488dabda · Dominic Kempf · 5504e7d7 · 488dabda · 488dabda · 488dabda
Commit 488dabda authored 8 years ago by Dominic Kempf
--- a/python/dune/perftool/loopy/buffer.py
+++ b/python/dune/perftool/loopy/buffer.py
@@ -29,9 +29,9 @@ class FlipFlopBuffer(object):
        base = self.base_storage[self._current]
        # Construct a temporary name
-        name = kwargs.pop("name", get_counted_variable(self.identifier))
+        name = kwargs.pop("name", None)
        if name is None:
-            from pudb import set_trace; set_trace()
+            name = get_counted_variable(self.identifier)
        # Get geometric dimension
        formdata = get_global_context_value('formdata')

--- a/python/dune/perftool/sumfact/basis.py
+++ b/python/dune/perftool/sumfact/basis.py
@@ -75,14 +75,14 @@ def sumfact_evaluate_coefficient_gradient(element, name, restriction, component)
        # Initialize the buffer for the sum fact kernel
        shape = (product(mat.cols for mat in a_matrices),)
-        if index:
+        if index is not None:
            shape = shape + (4,)
-        initialize_buffer(buffer,
+        input = initialize_buffer(buffer,
-                          base_storage_size=product(max(mat.rows, mat.cols) for mat in a_matrices),
+                                  base_storage_size=product(max(mat.rows, mat.cols) for mat in a_matrices),
-                          num=2
+                                  num=2
-                          ).get_temporary(shape=shape,
+                                  ).get_temporary(shape=shape,
-                                          name=input,
+                                                  name=input,
-                                          )
+                                                  )
        # Setup the input!
        setup_theta(input, element, restriction, component, index)
@@ -90,14 +90,22 @@ def sumfact_evaluate_coefficient_gradient(element, name, restriction, component)
        # Add a sum factorization kernel that implements the
        # evaluation of the gradients of basis functions at quadrature
        # points (stage 1)
-        var, _ = sum_factorization_kernel(a_matrices,
+        if index:
+            var, _ = sum_factorization_kernel(a_matrices,
                                          buffer,
                                          1,
                                          preferred_position=i,
                                          insn_dep=frozenset({Writes(input)}),
+                                          output_name=name,
                                          )
+        else:
-        buffers.append(var)
+            var, _ = sum_factorization_kernel(a_matrices,
+                                          buffer,
+                                          1,
+                                          preferred_position=i,
+                                          insn_dep=frozenset({Writes(input)}),
+                                          )

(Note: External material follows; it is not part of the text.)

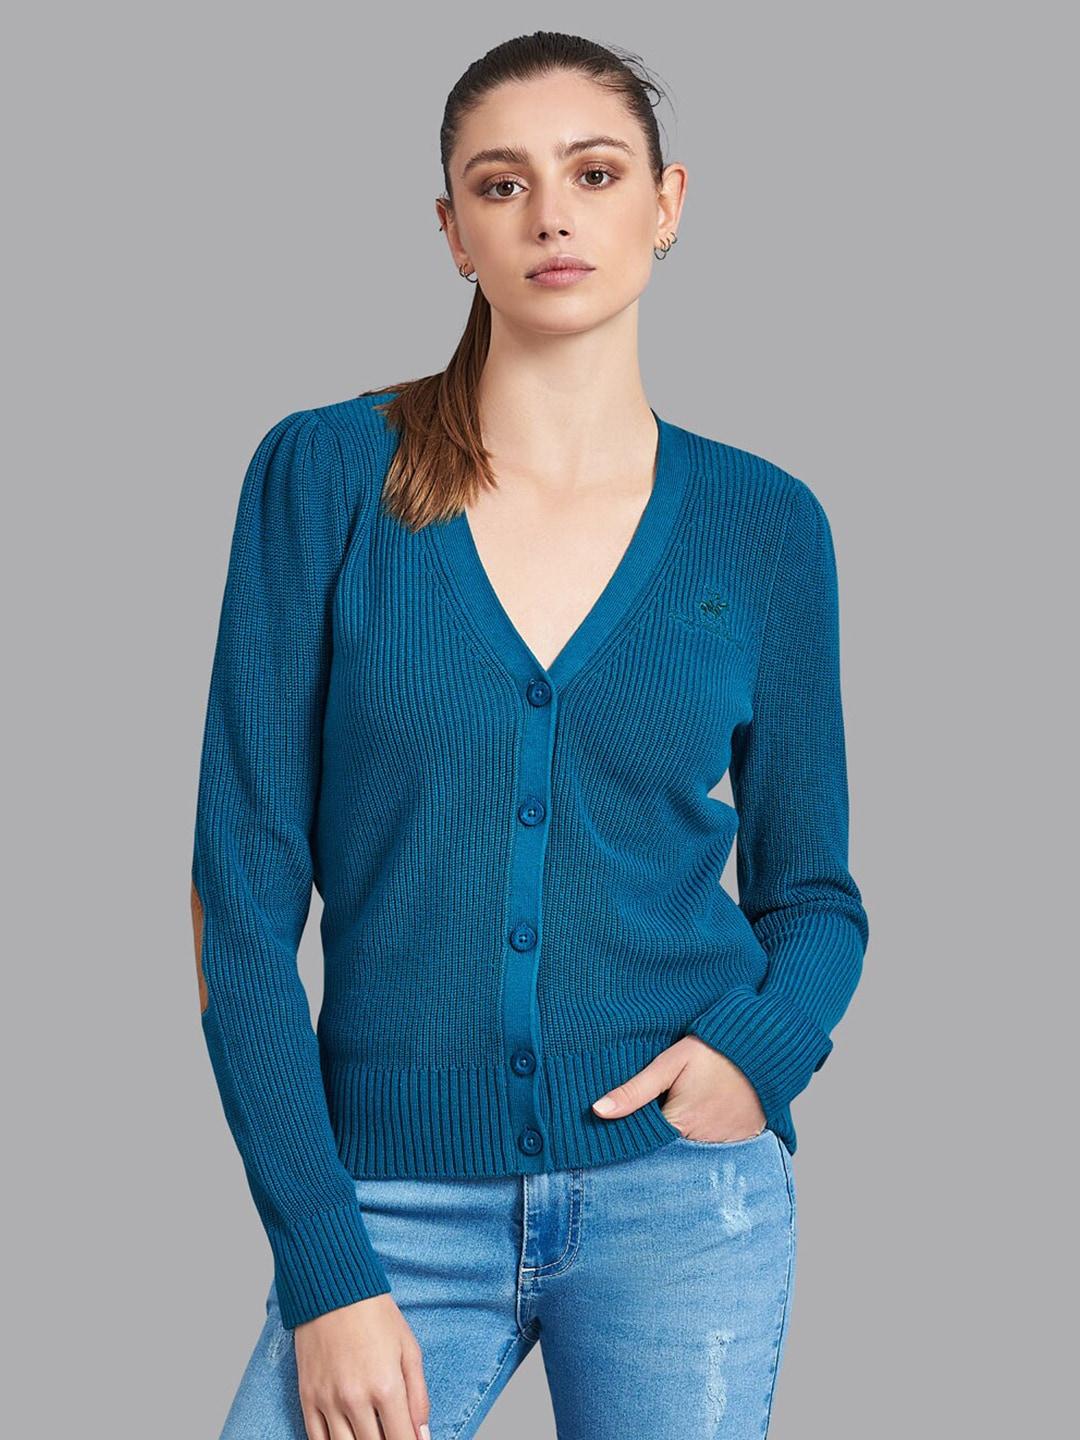 beverly-hills-polo-club-v-neck-ribbed-cotton-cardigan-sweaters

+            buffers.append(var)
    # TODO this should be quite conditional!!!
    for i, buf in enumerate(buffers):
@@ -139,7 +147,7 @@ def pymbolic_trialfunction(element, restriction, component):
    # Flip flop buffers for sumfactorization
    shape = (product(mat.cols for mat in a_matrices),)
-    if vec:
+    if index is not None:
        shape = shape + (4,)
    initialize_buffer(buffer,
                      base_storage_size=product(max(mat.rows, mat.cols) for mat in a_matrices),

--- a/python/dune/perftool/sumfact/sumfact.py
+++ b/python/dune/perftool/sumfact/sumfact.py
@@ -321,14 +321,20 @@ def generate_accumulation_instruction(visitor, accterm, measure, subdomain_id):
        a_matrices, buffer, input, index = get_vectorization_info(a_matrices)
        # Initialize a base storage for this buffer and get a temporay pointing to it
-#        shape = product(mat.cols for mat in a_matrices)
+        shape = tuple(mat.cols for mat in a_matrices)
-#        if vec:
+        dim_tags = ",".join(['f'] * dim)
-#            shape = (shape, 4)
+        if index is not None:
+            shape = shape + (4,)
+            dim_tags = dim_tags + ",c"
+            index = (index,)
+        else:
+            index = ()
        temp = initialize_buffer(buffer,
                                 base_storage_size=product(max(mat.rows, mat.cols) for mat in a_matrices),
                                 num=2
-                                 ).get_temporary(shape=(quadrature_points_per_direction(),) * dim,
+                                 ).get_temporary(shape=shape,
-                                                 dim_tags=",".join(['f'] * dim),
+                                                 dim_tags=dim_tags,
                                                 name=input,
                                                 )
@@ -346,7 +352,7 @@ def generate_accumulation_instruction(visitor, accterm, measure, subdomain_id):
        # Issue an instruction in the quadrature loop that fills the buffer
        # with the evaluation of the contribution at all quadrature points
-        assignee = Subscript(Variable(temp), tuple(Variable(i) for i in quadrature_inames()))
+        assignee = Subscript(Variable(temp), tuple(Variable(i) for i in quadrature_inames()) + index)
        contrib_dep = instruction(assignee=assignee,
                                  expression=expression,
                                  forced_iname_deps=frozenset(quadrature_inames() + visitor.inames),
@@ -403,7 +409,7 @@ def generate_accumulation_instruction(visitor, accterm, measure, subdomain_id):
        transform(nest_quadrature_loops, visitor.inames)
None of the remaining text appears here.